Within the lines below, the span from the line with "Fabric Upholstered Wooden" to the line with "blind SPHERE 6x", both ends included, is to be reproduced exactly, with pictures omitted.

» DATASET CONTENT
========================================

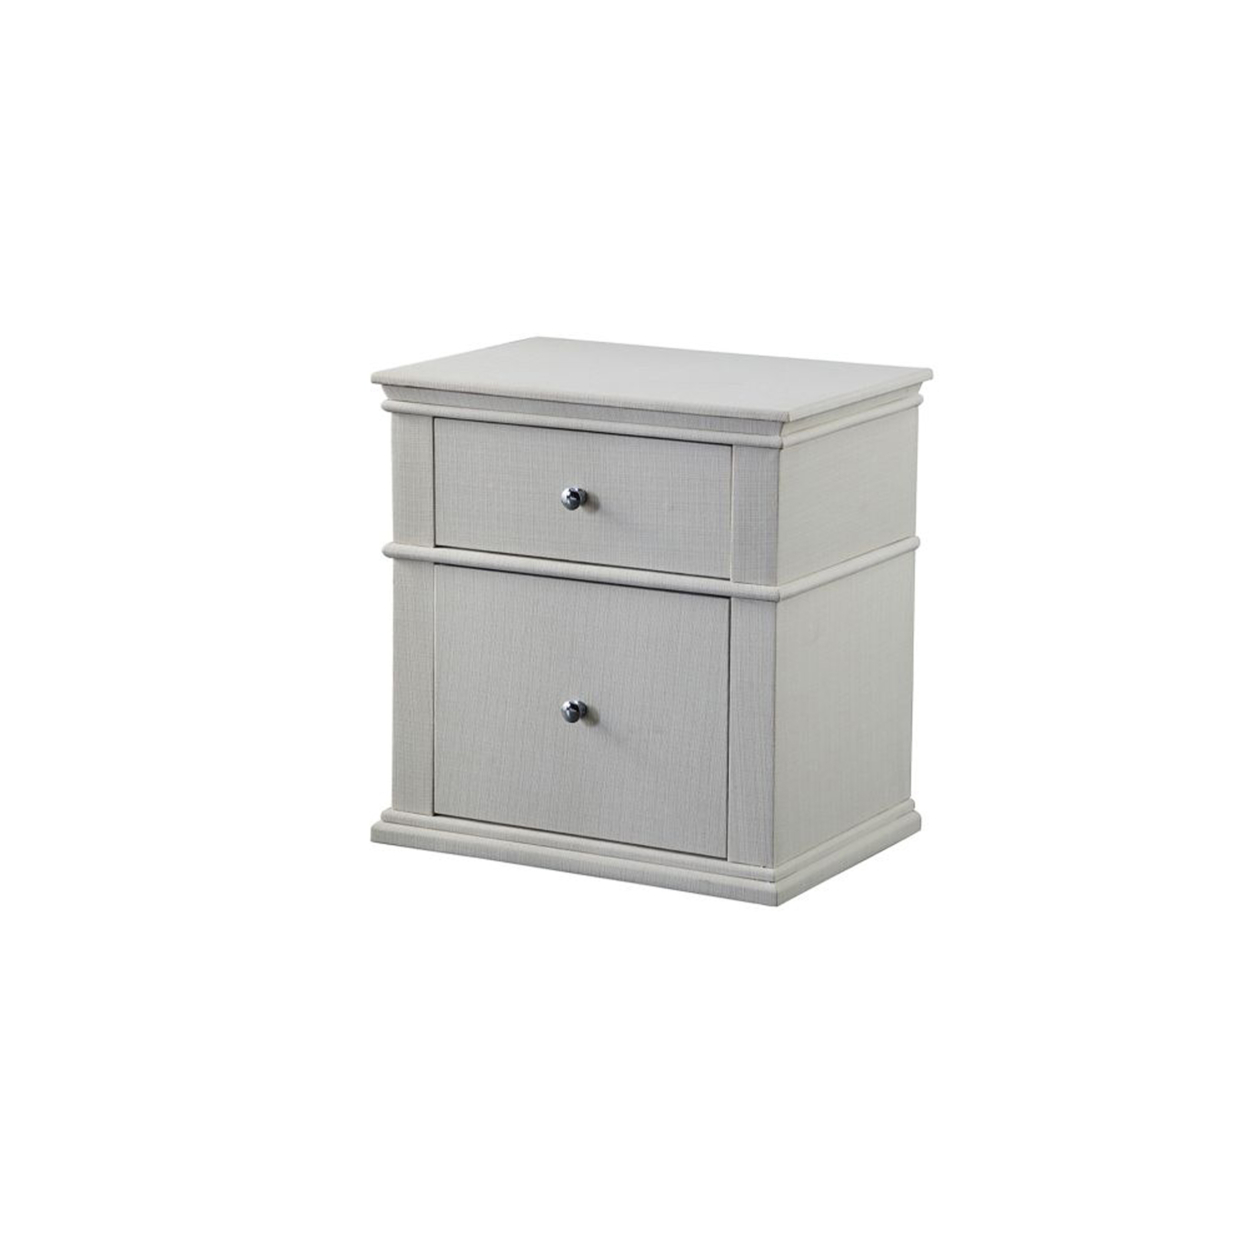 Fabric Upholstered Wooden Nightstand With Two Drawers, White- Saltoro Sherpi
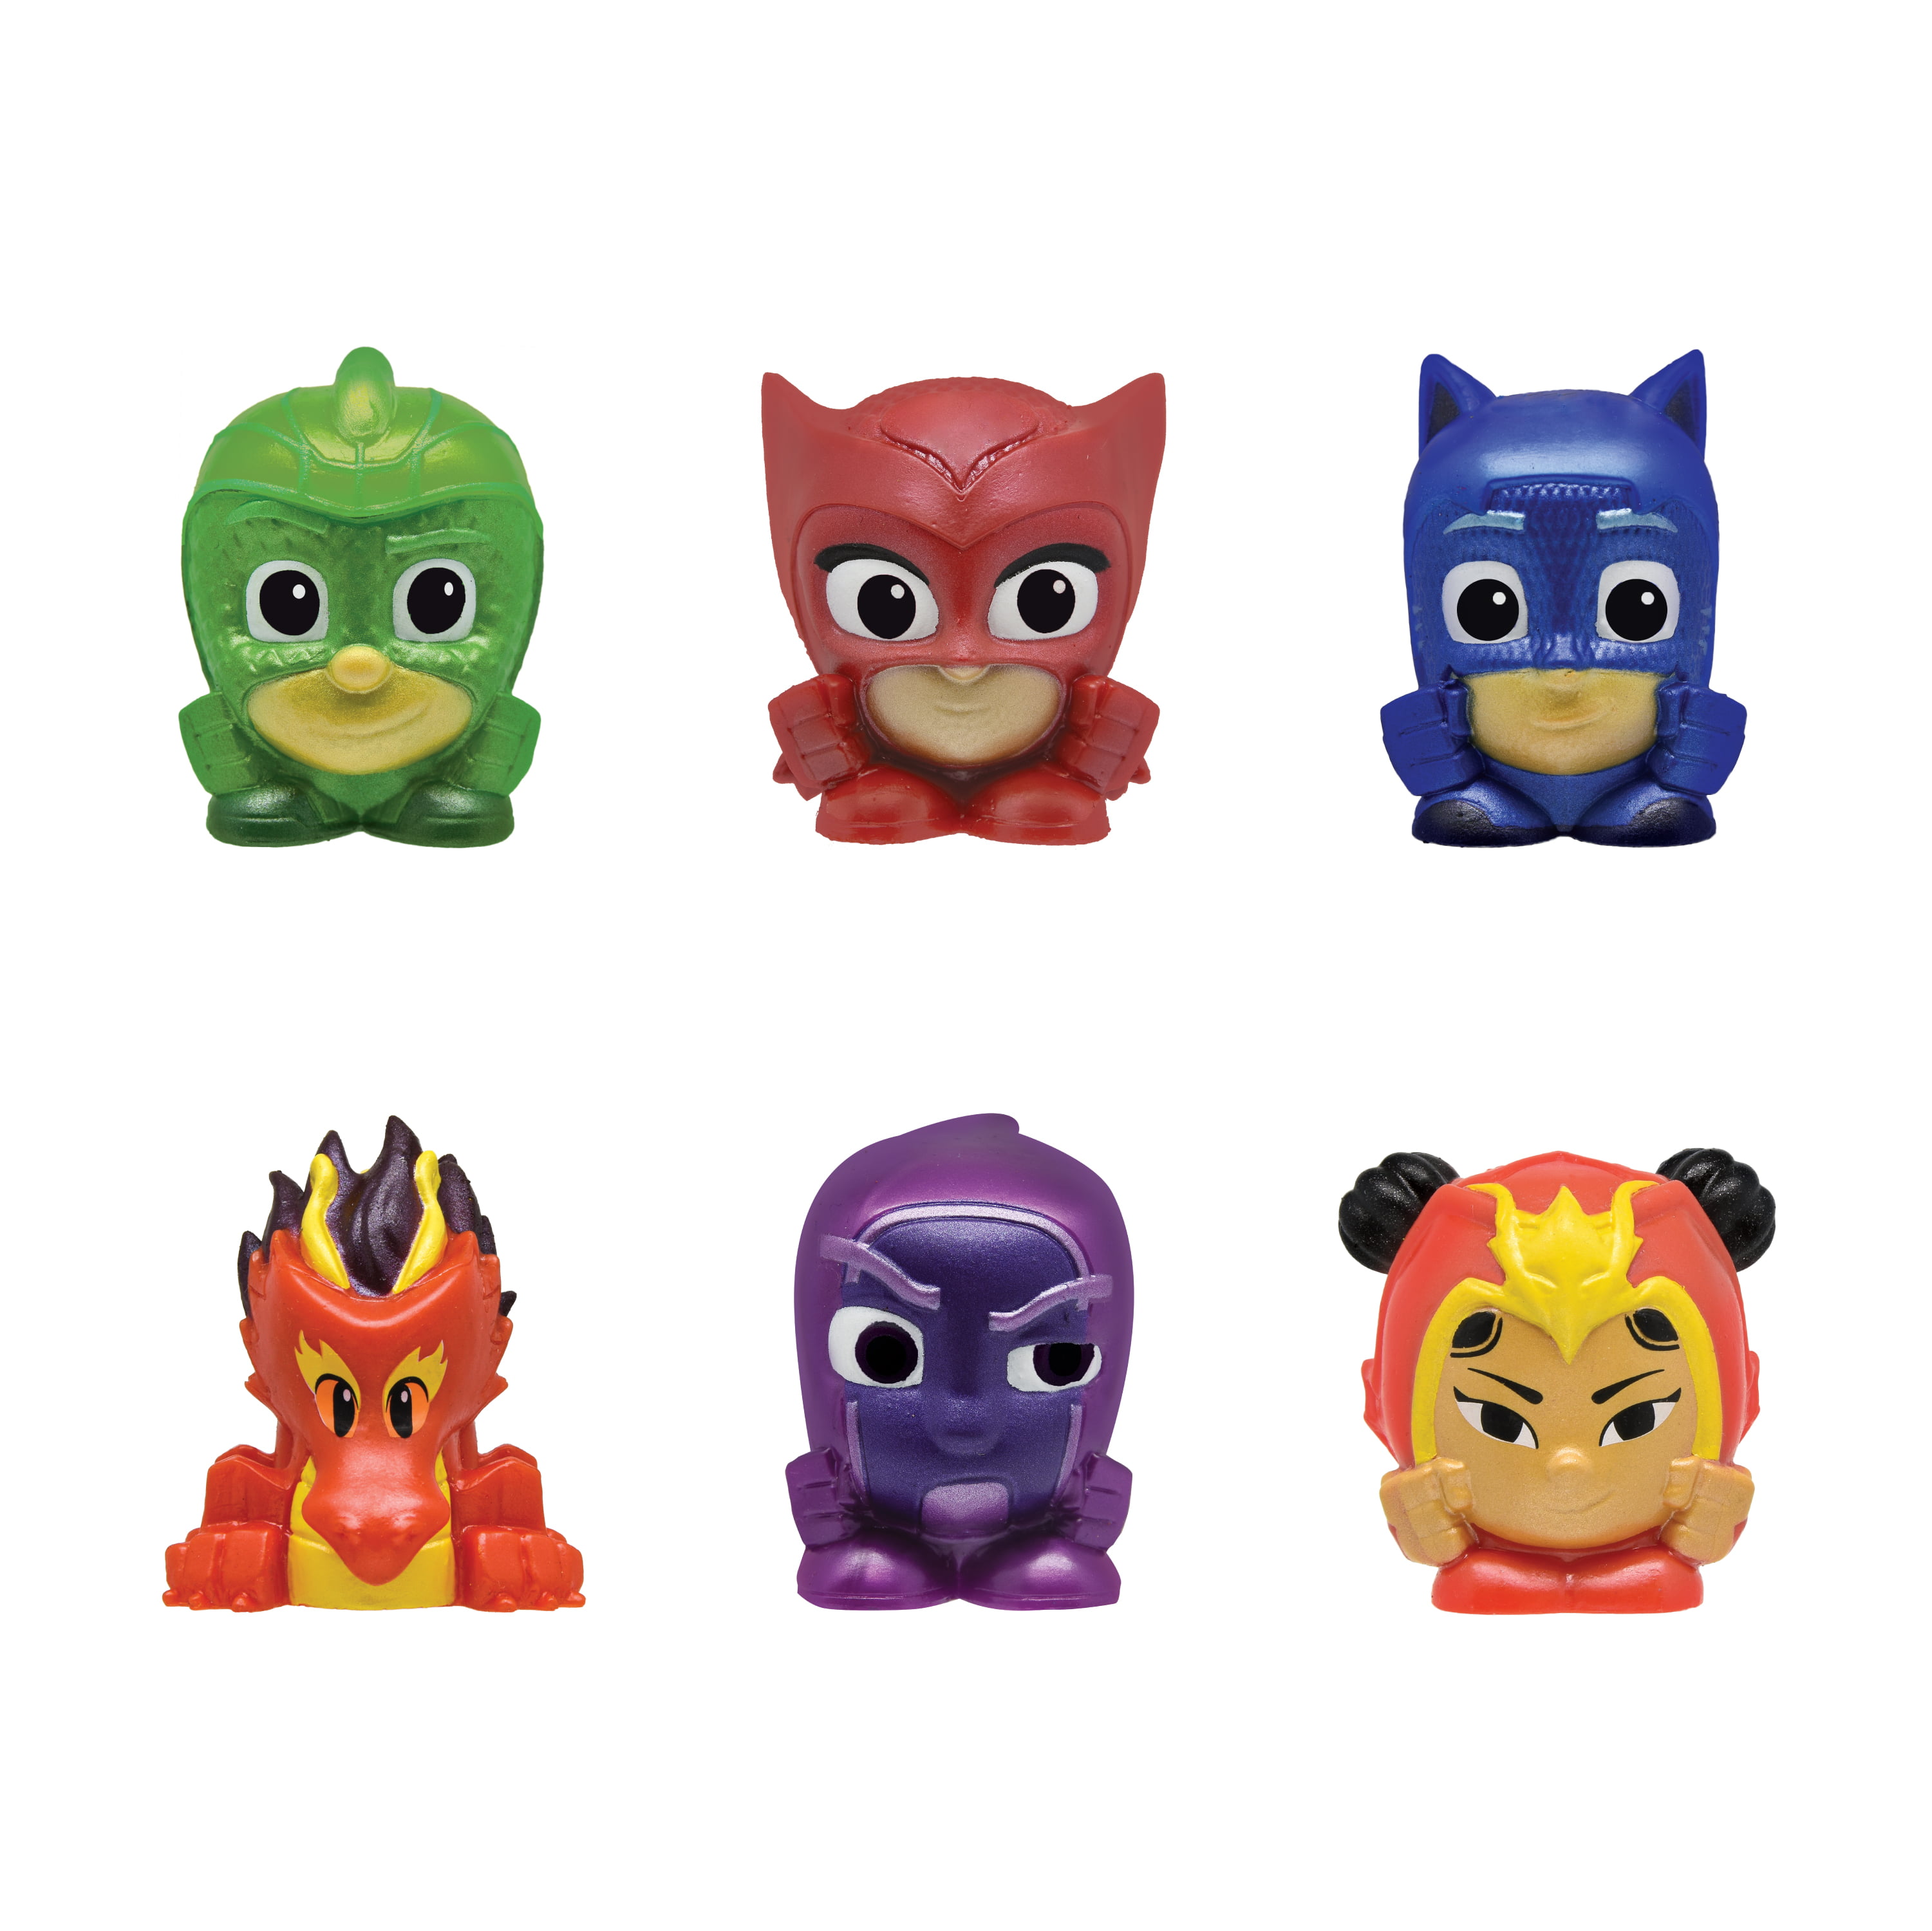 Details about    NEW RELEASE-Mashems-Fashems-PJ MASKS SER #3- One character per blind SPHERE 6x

========================================

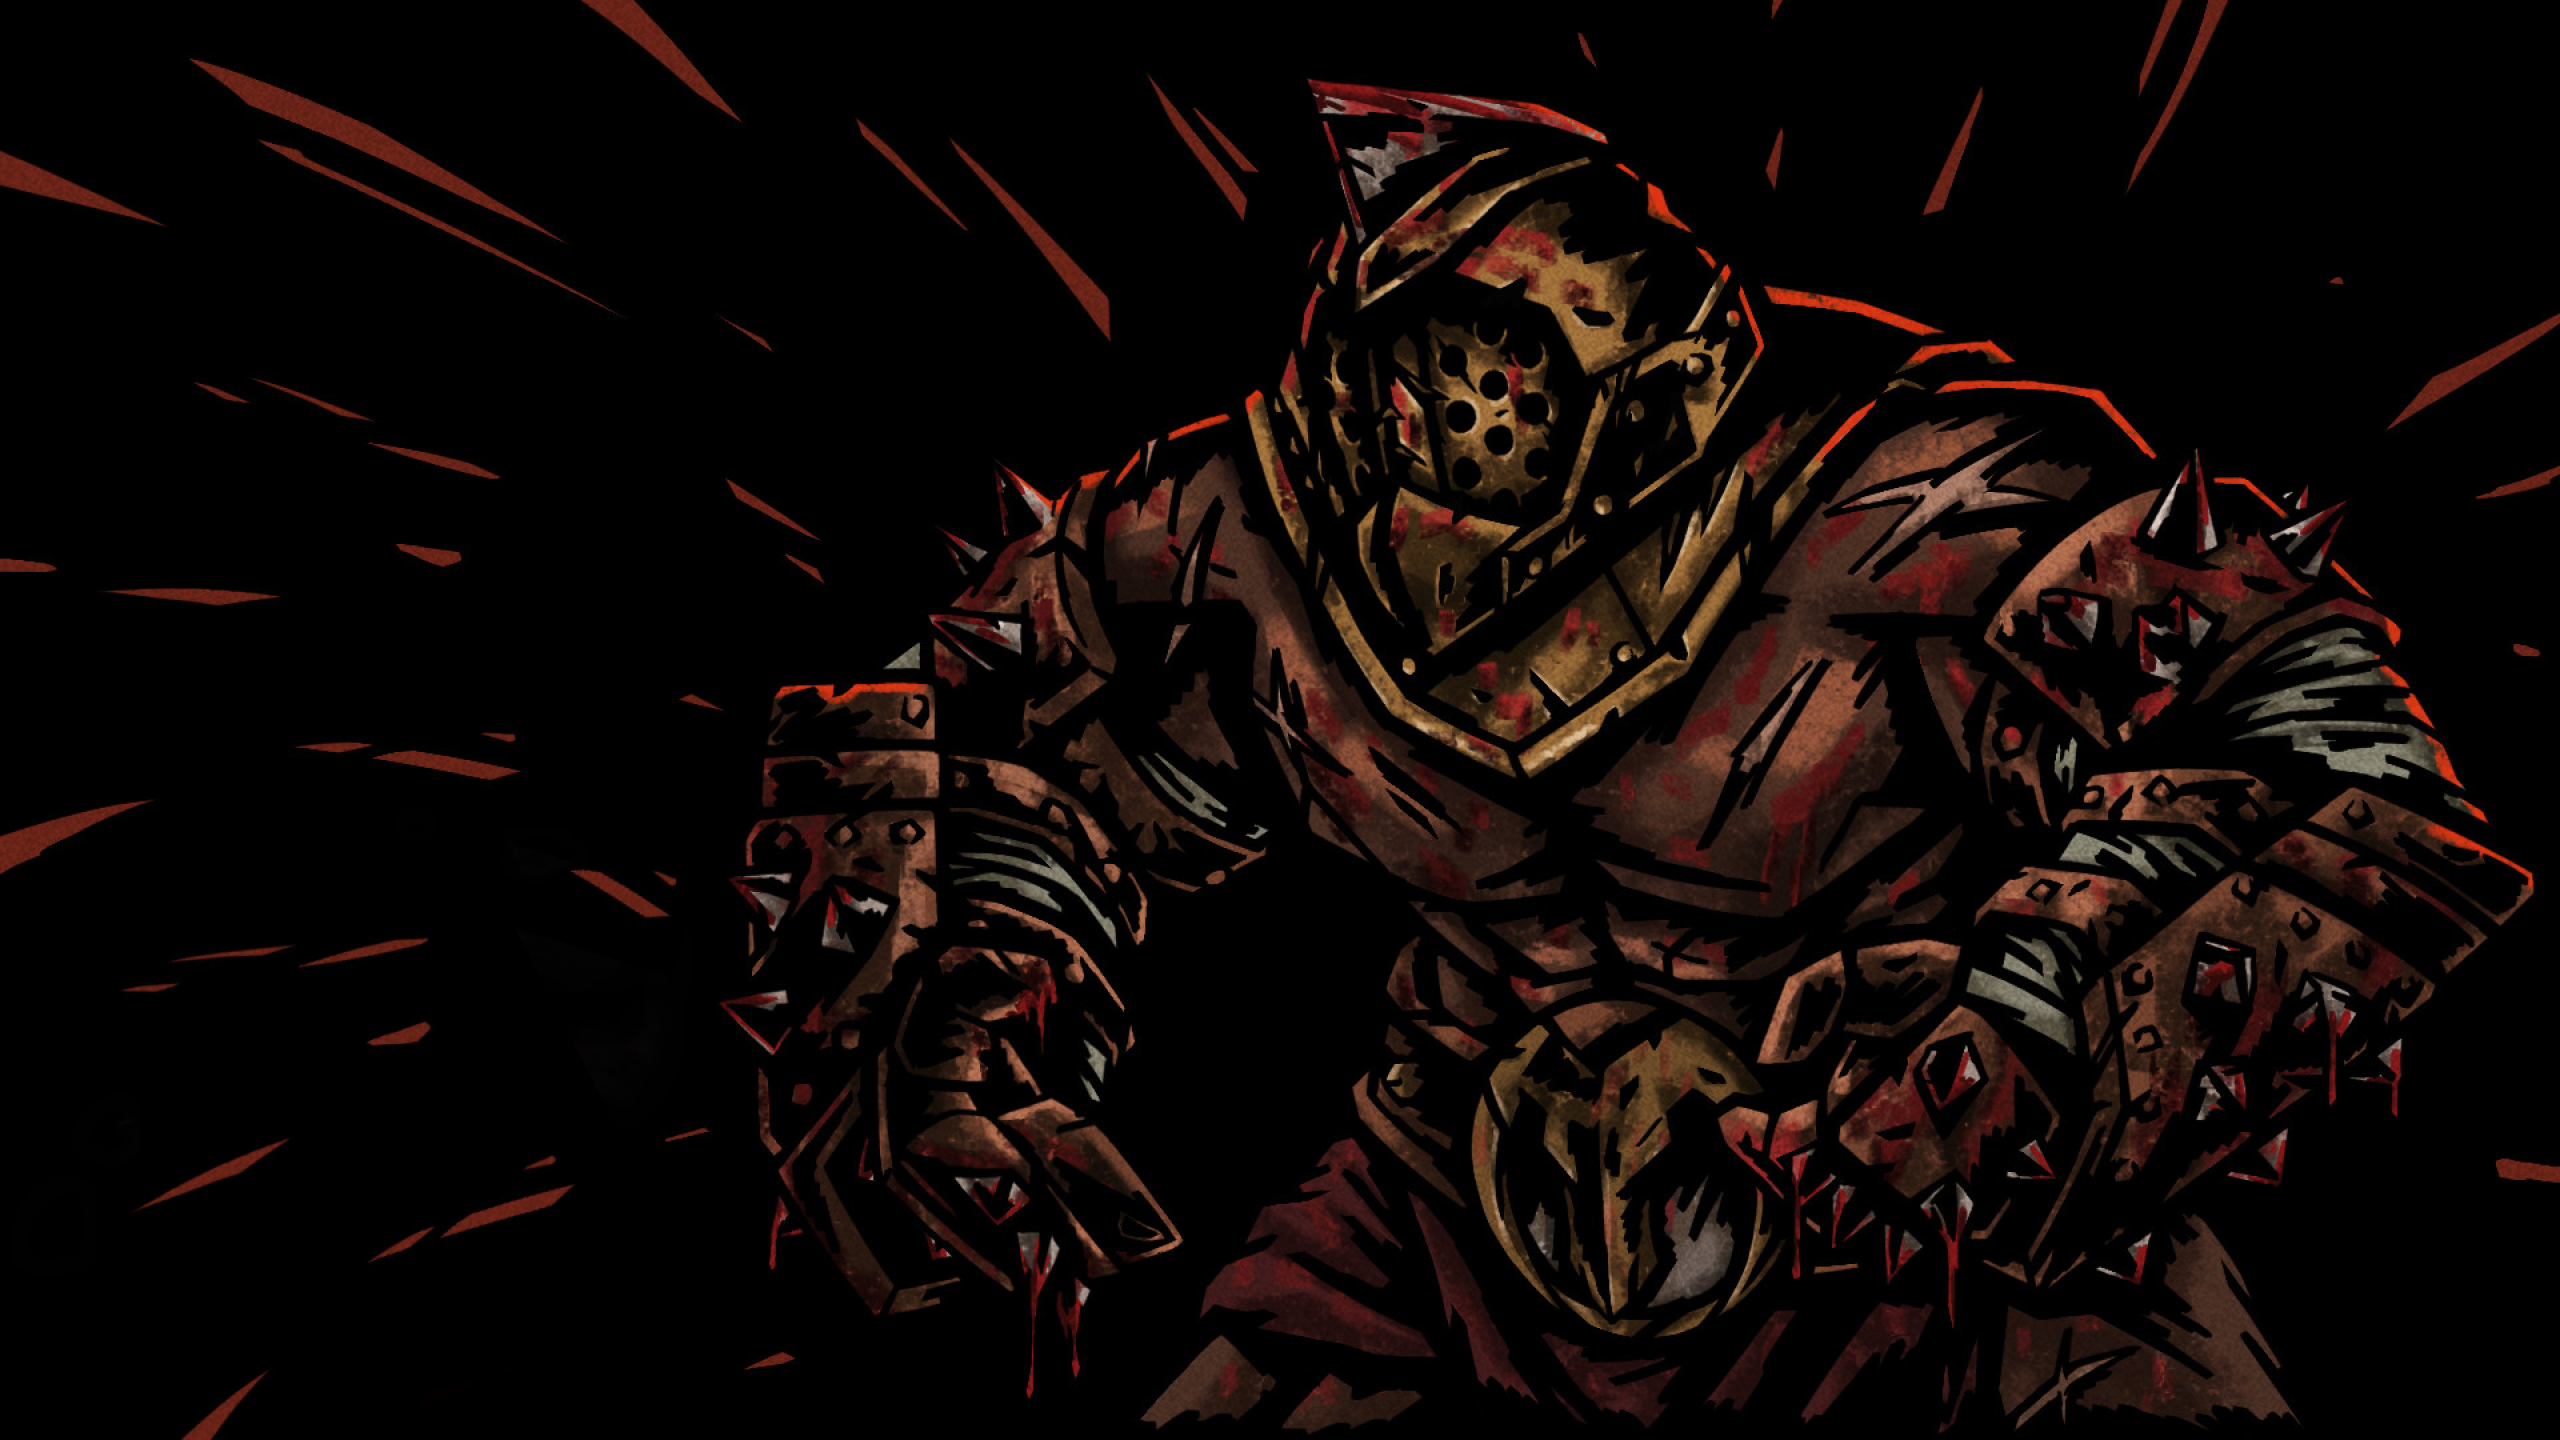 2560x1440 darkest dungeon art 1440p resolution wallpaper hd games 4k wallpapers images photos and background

========================================

» ANSWER FOR THIS EXERCISE
 Fabric Upholstered Wooden Nightstand With Two Drawers, White- Saltoro Sherpi
 Details about    NEW RELEASE-Mashems-Fashems-PJ MASKS SER #3- One character per blind SPHERE 6x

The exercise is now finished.